Input data:
********

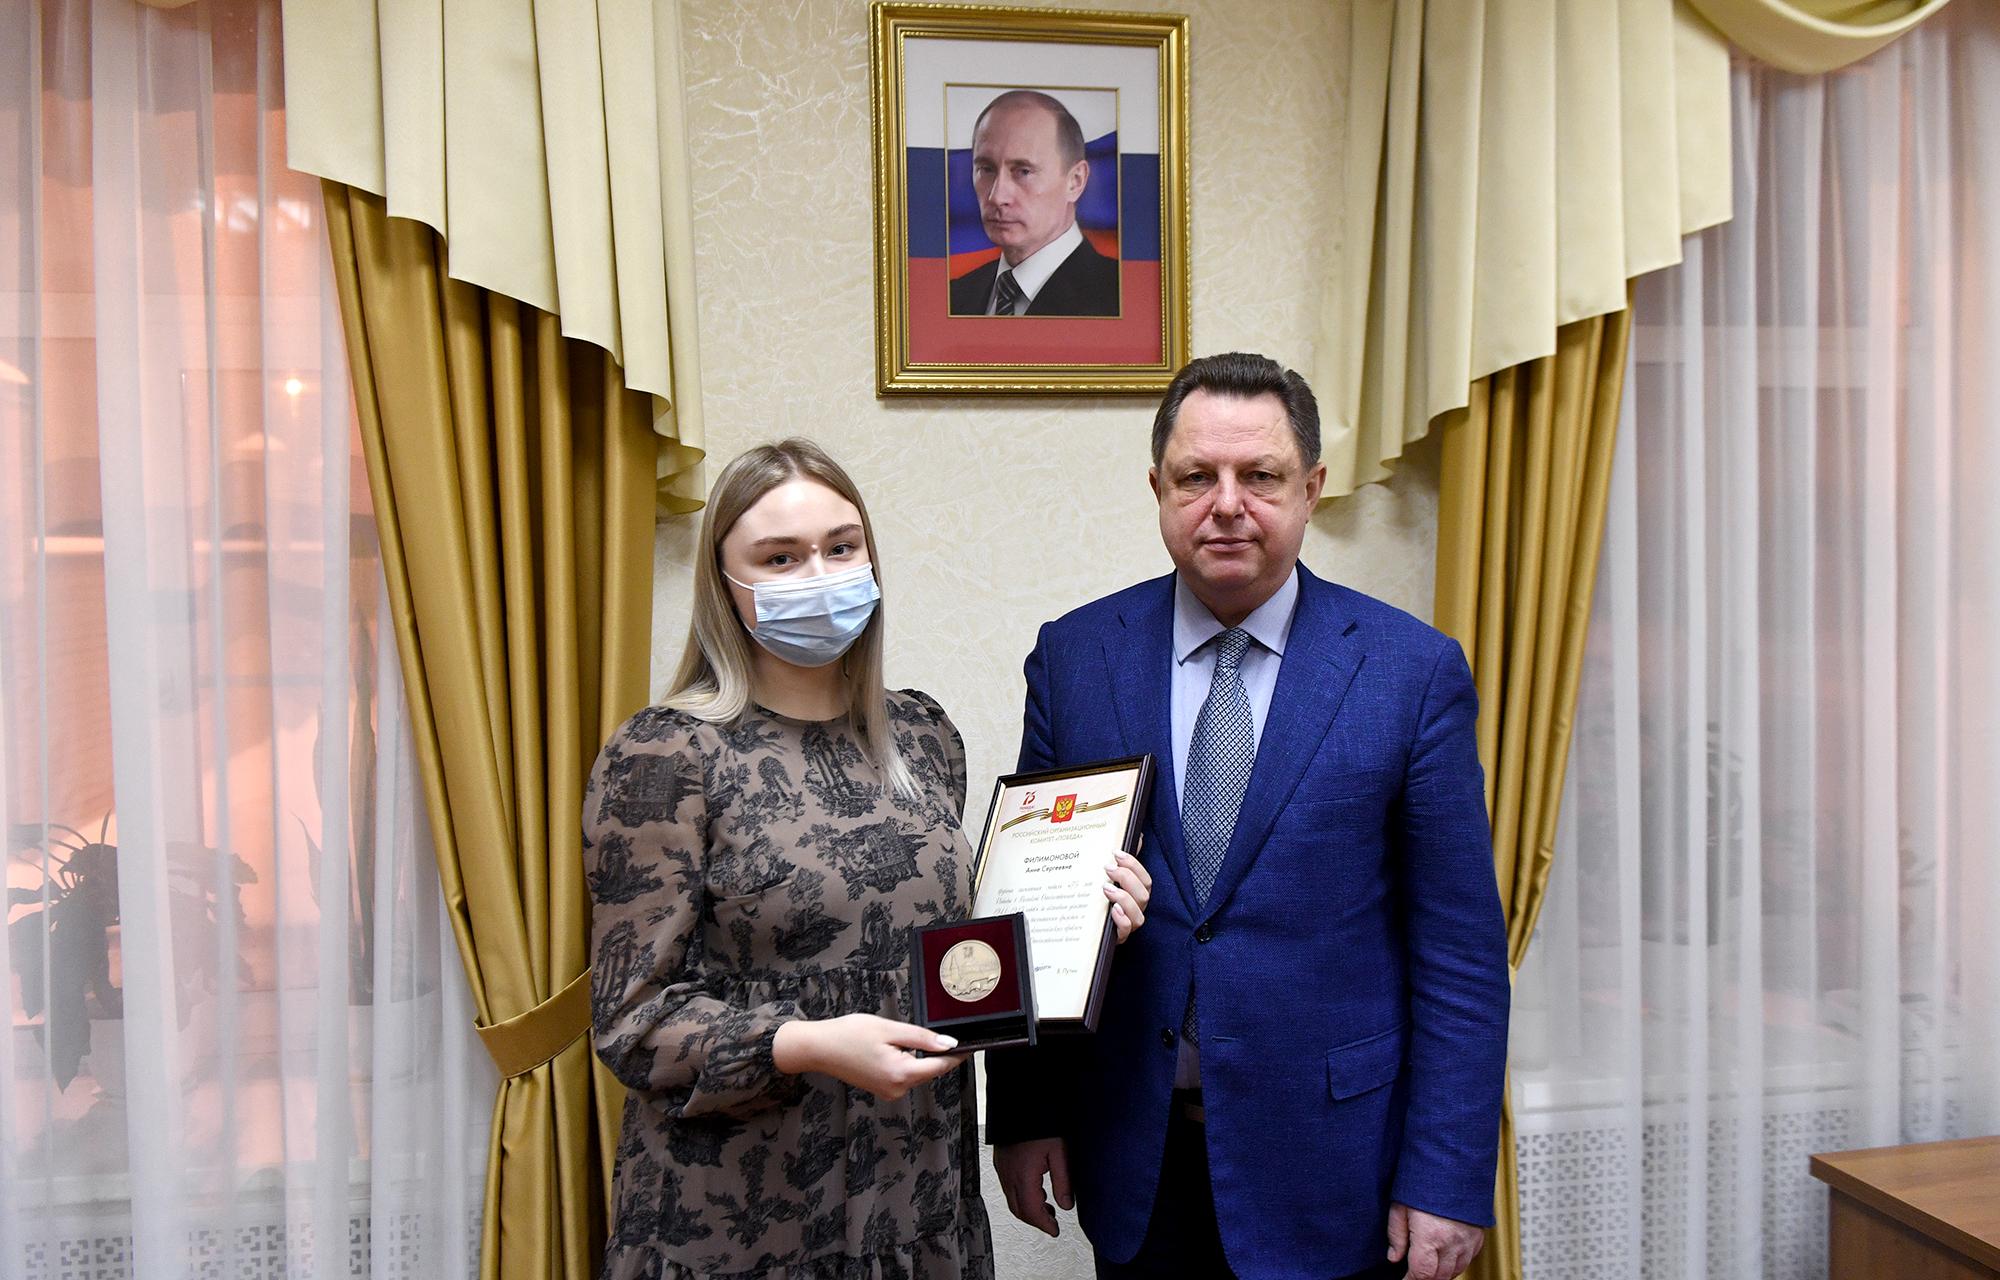 Сергей Сергеев и Анна Филимонова из Твери награждены памятной медалью к 75-летию Победы
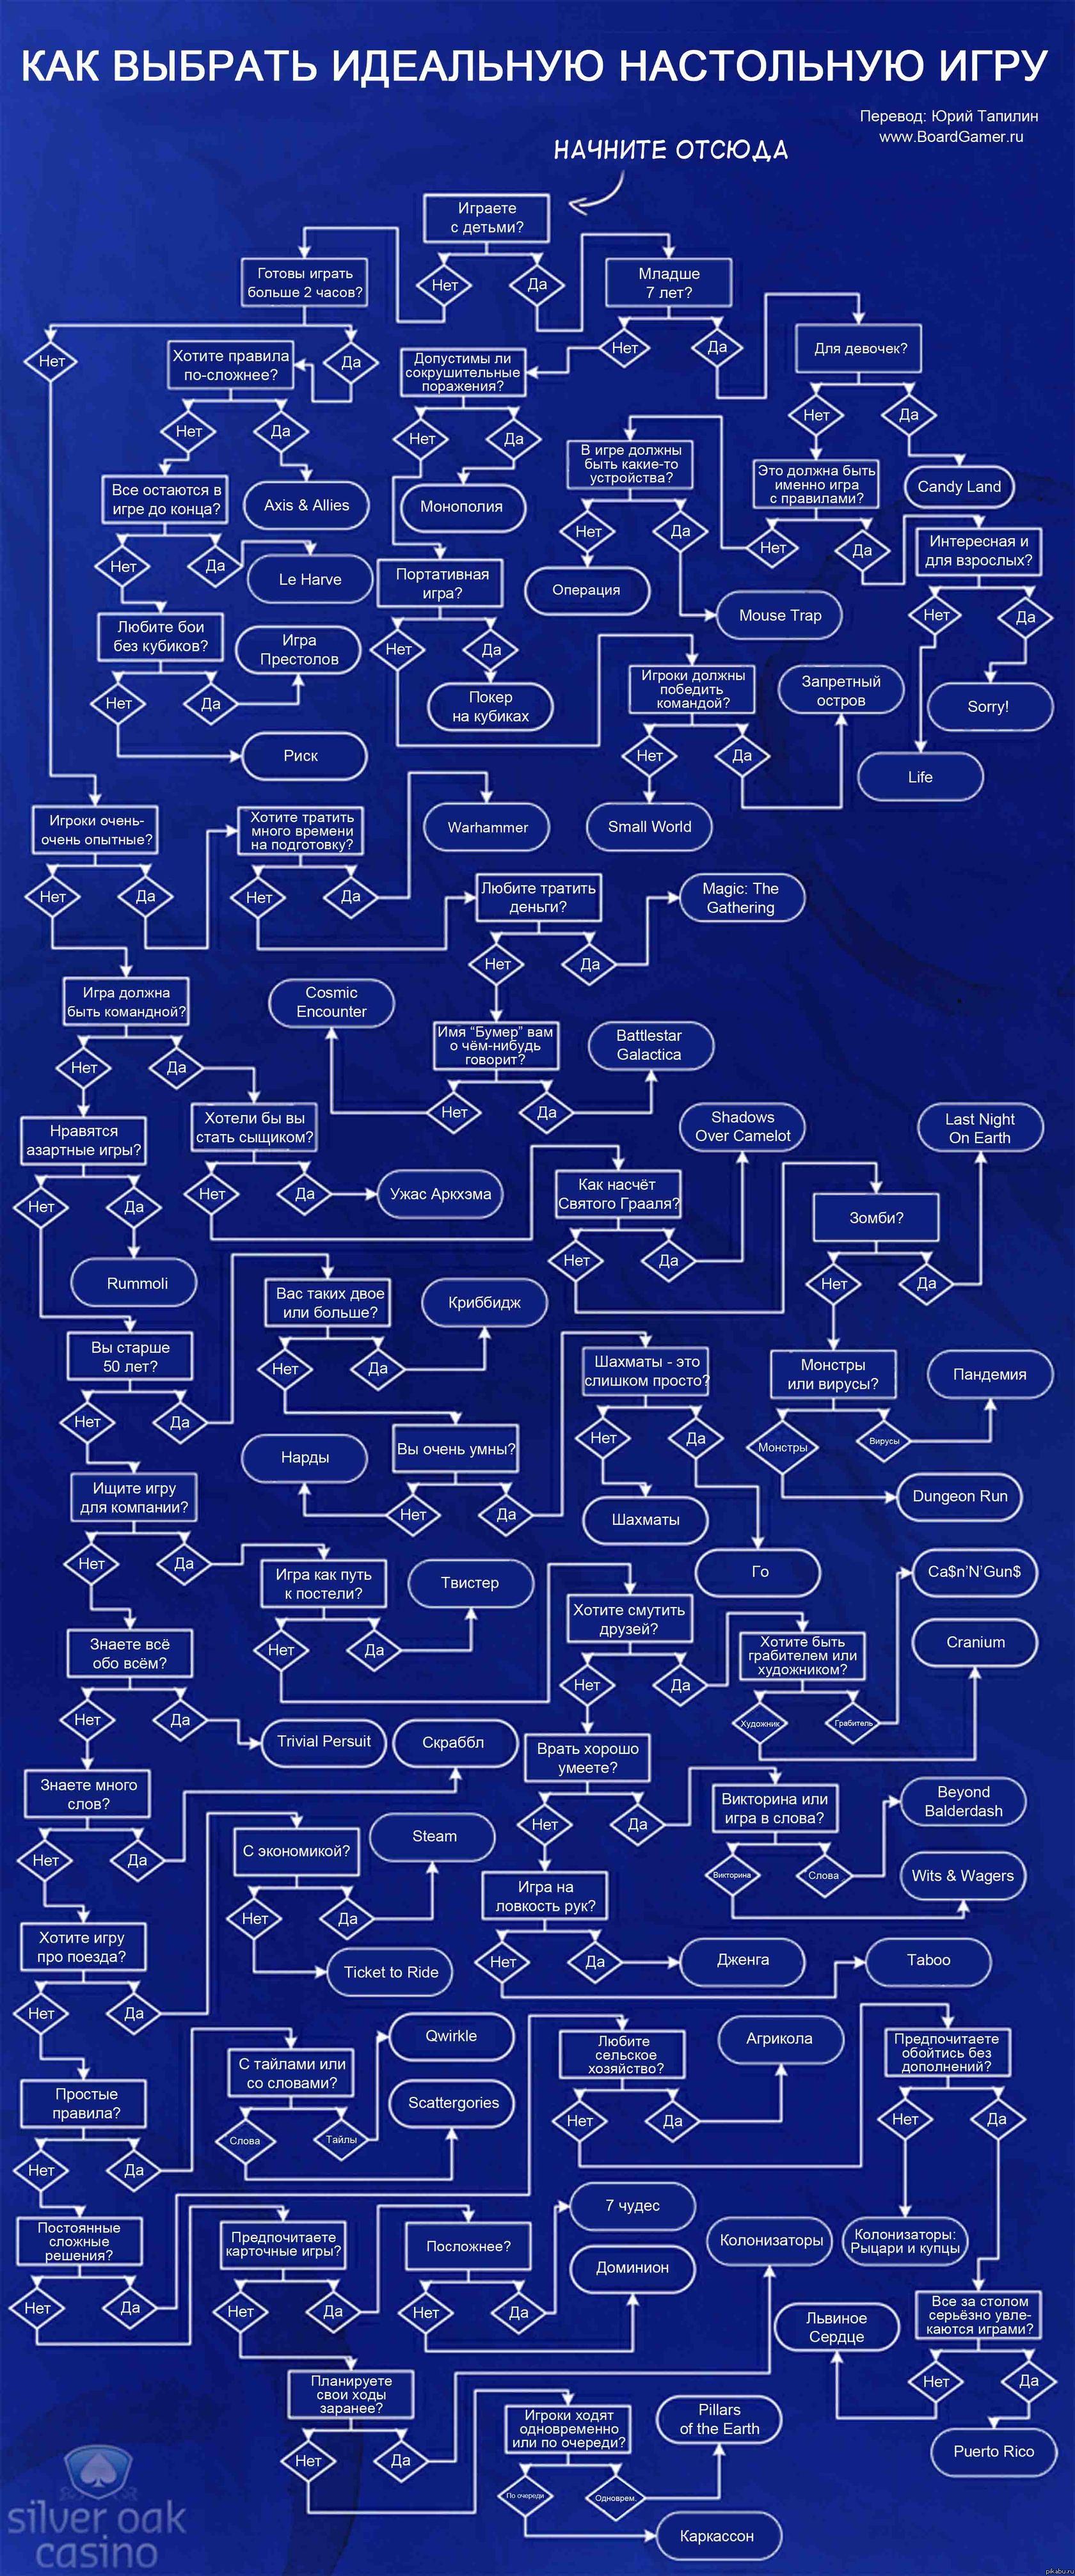 Как выбрать настольную игру?
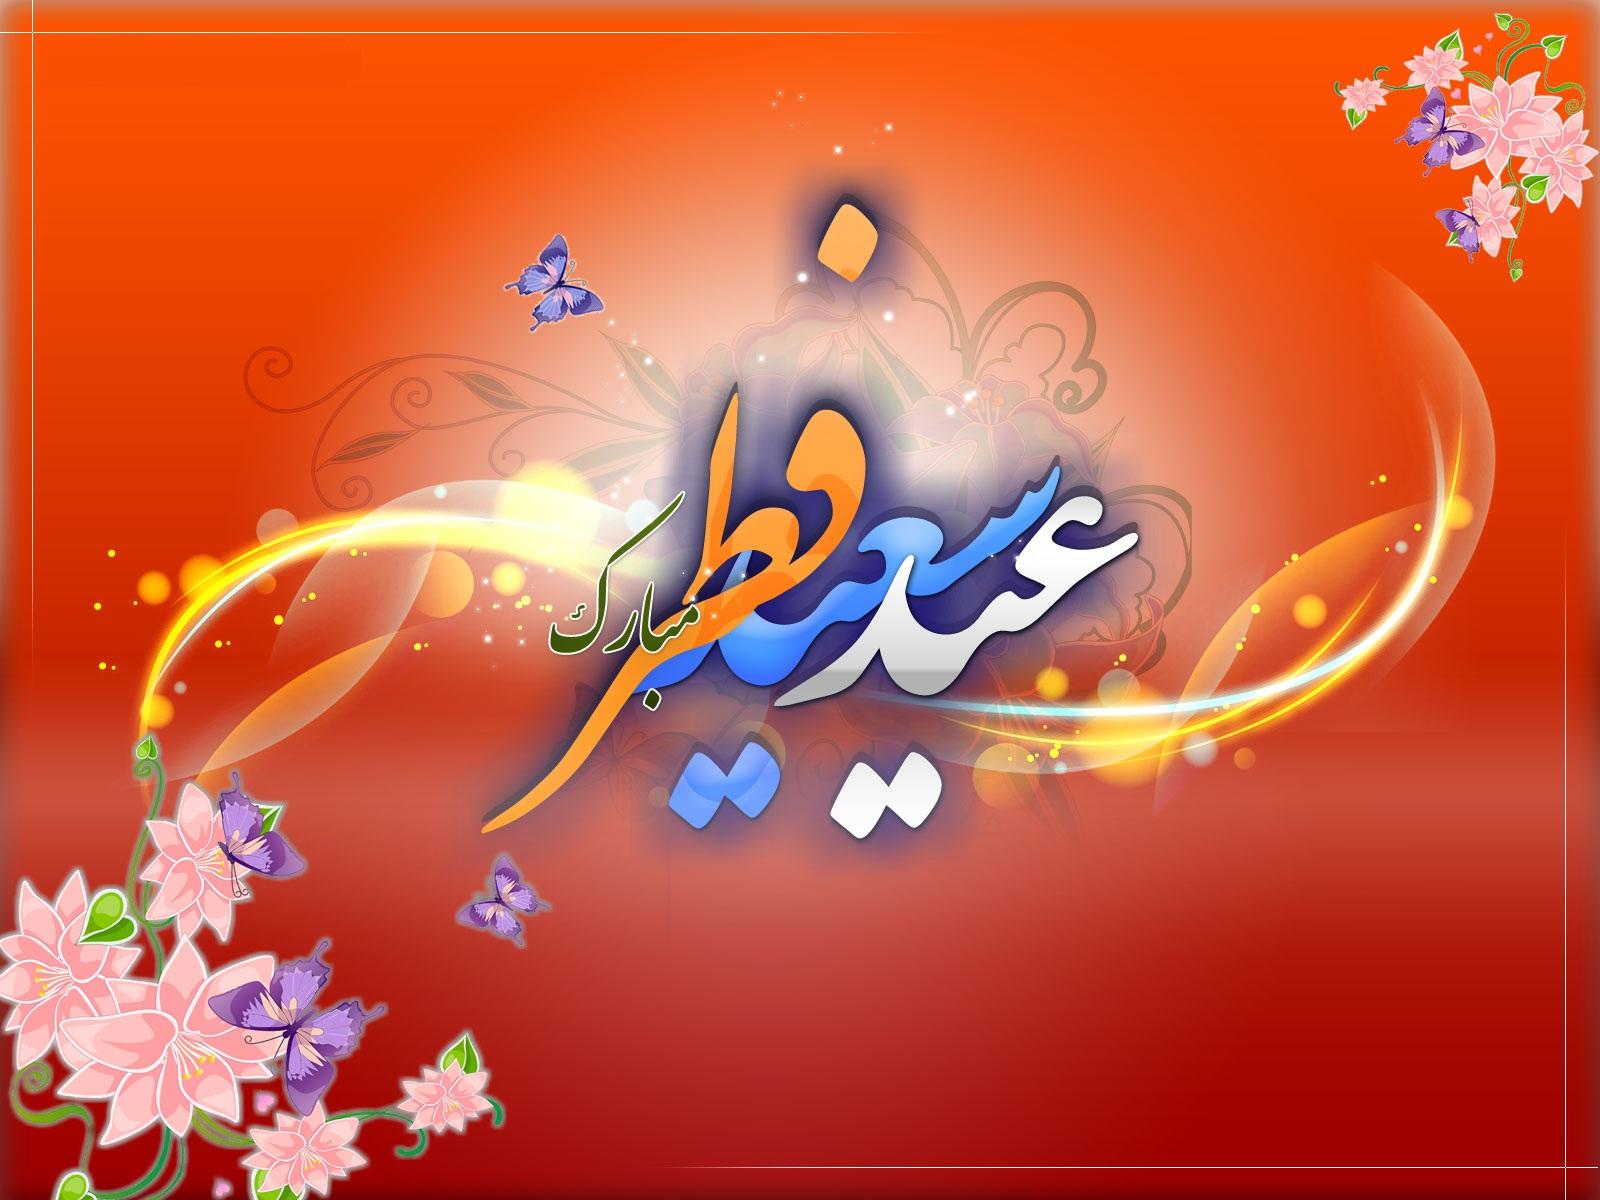 گلچین پیامک های تبریک عید سعید فطر

********

Requirement: Repeat the material line for line. Pictures stay out of the copy.

Completed exercise:
 Сергей Сергеев и Анна Филимонова из Твери награждены памятной медалью к 75-летию Победы
 Как выбрать настольную игру?
 گلچین پیامک های تبریک عید سعید فطر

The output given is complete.